DATA FOR ANALYSIS:

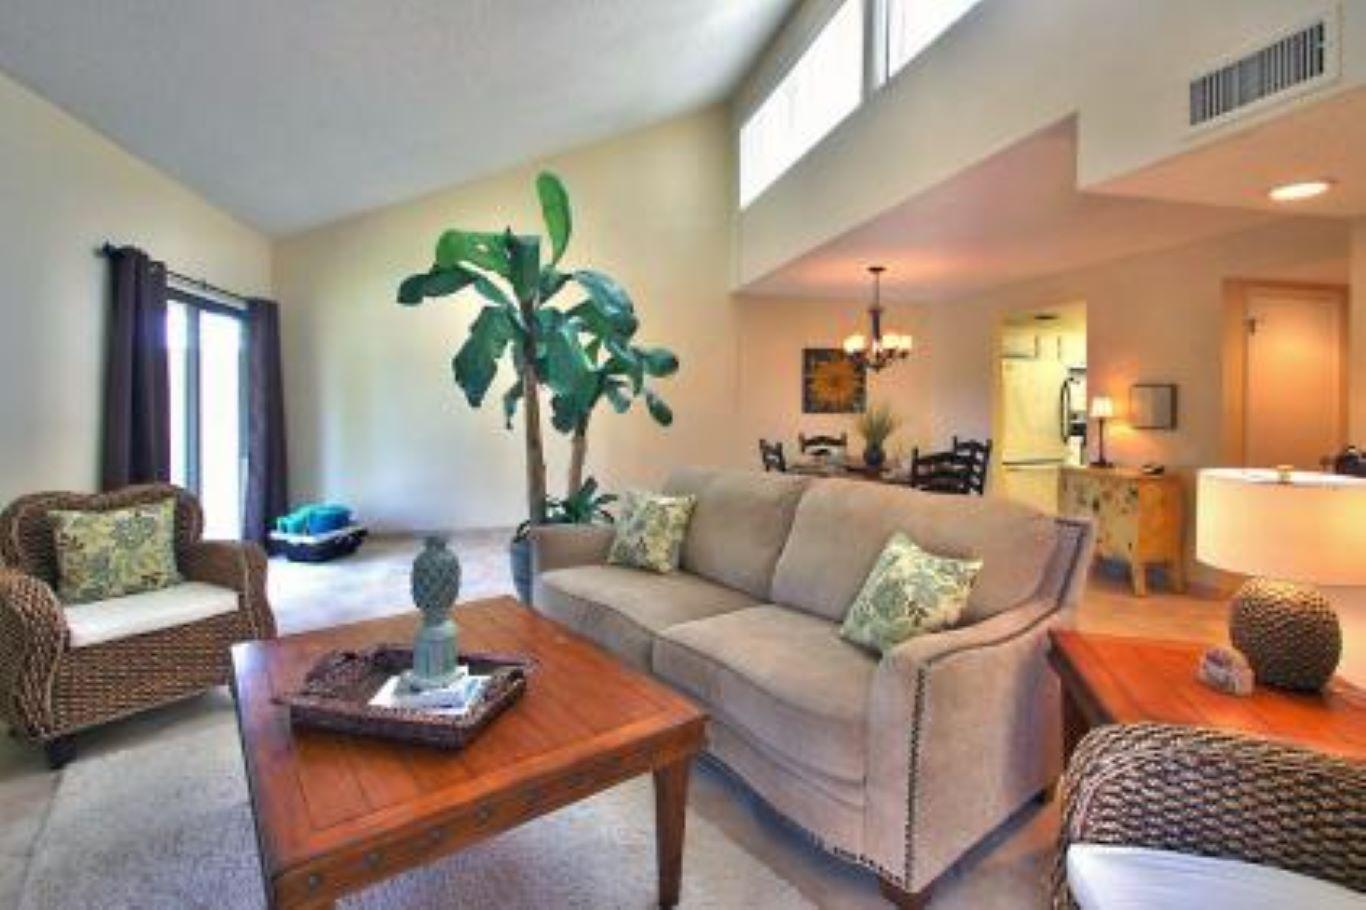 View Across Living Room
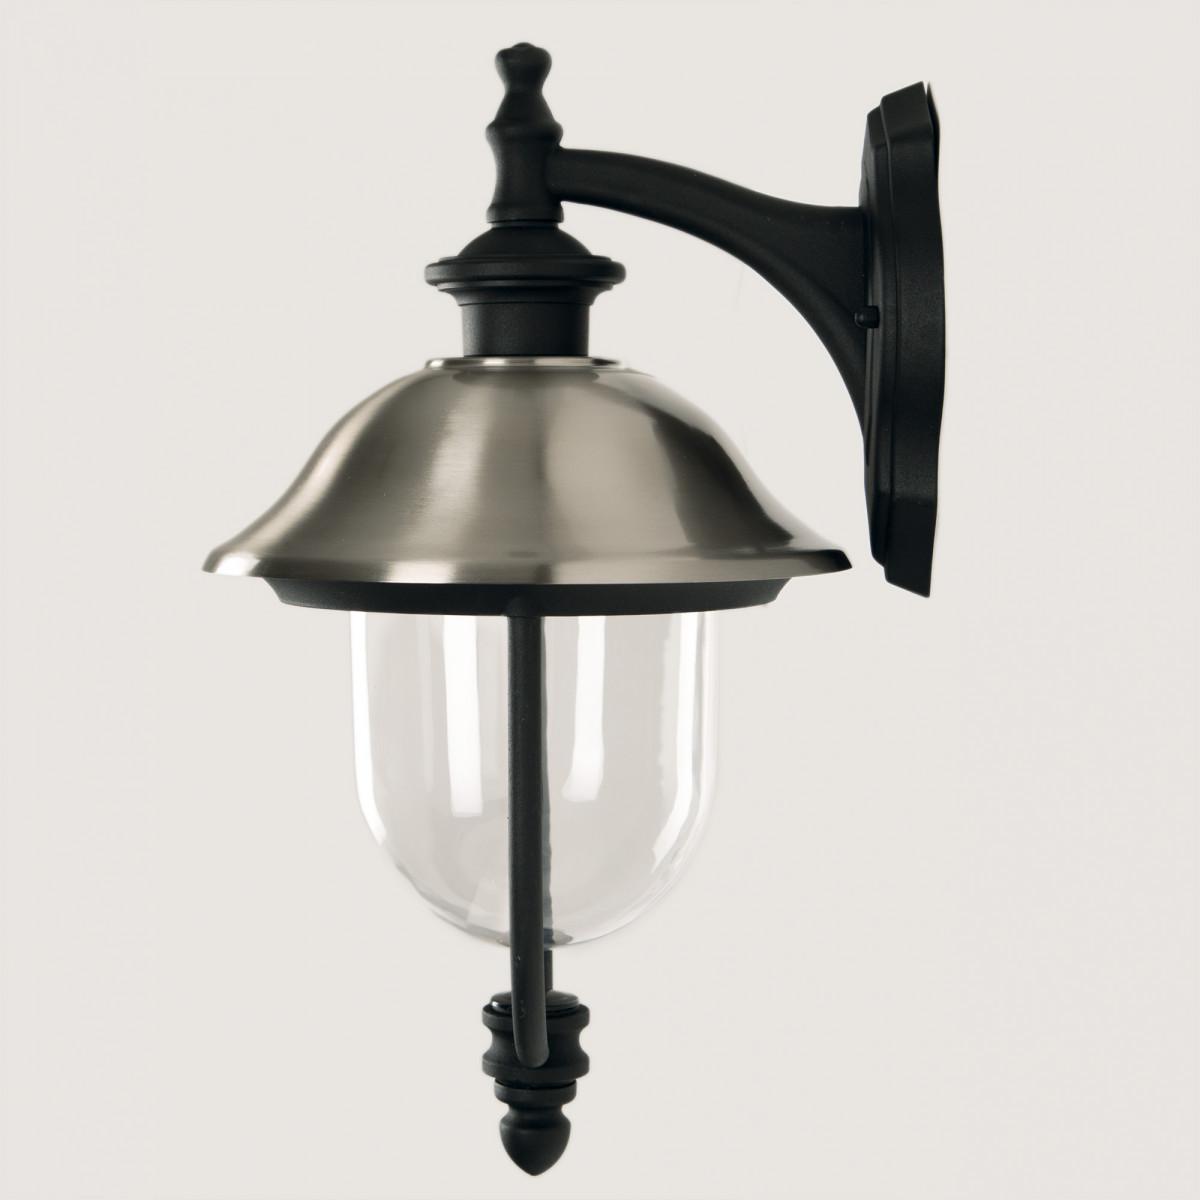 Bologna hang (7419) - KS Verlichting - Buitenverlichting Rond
* * *
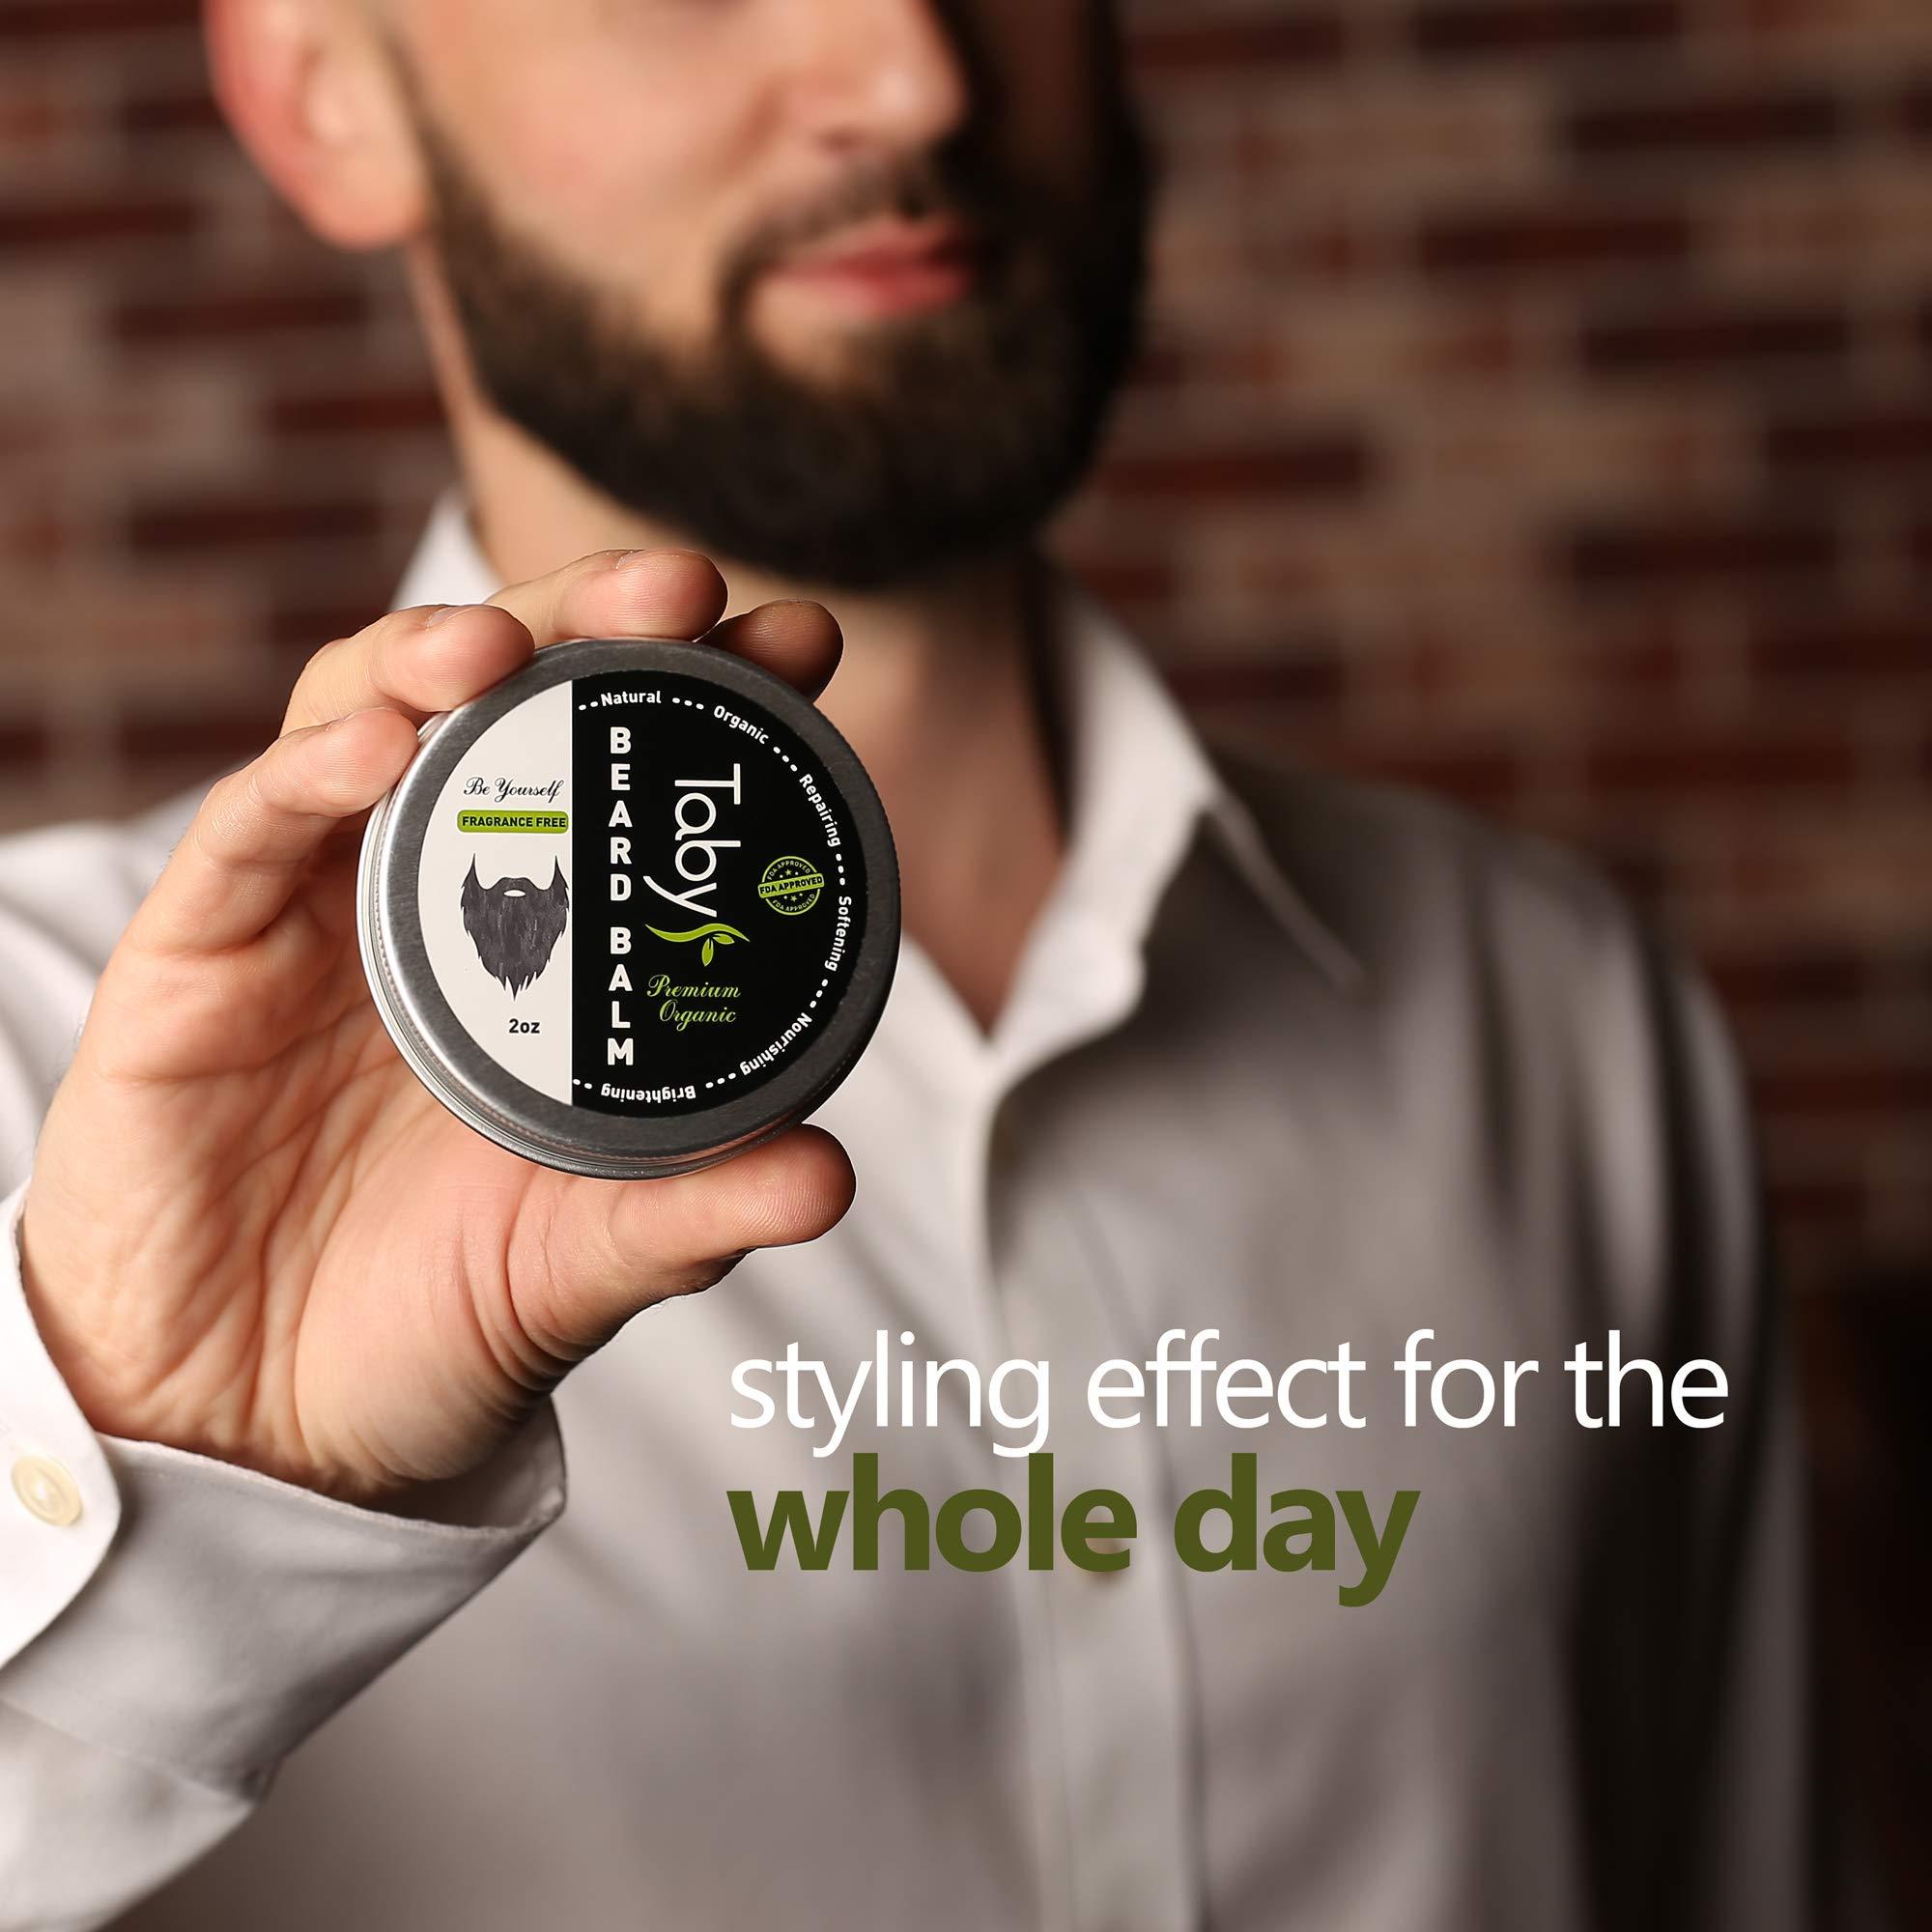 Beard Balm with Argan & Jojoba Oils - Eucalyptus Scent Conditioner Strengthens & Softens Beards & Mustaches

TASK PROMPT: Reproduce word for word, with pictures dropped, only the part of the material above that opens with the line containing "View Across Living Room" and closes with the line containing "Bologna hang (7419)".

SOLUTION TO THE EXERCISE:
 View Across Living Room
 Bologna hang (7419) - KS Verlichting - Buitenverlichting Rond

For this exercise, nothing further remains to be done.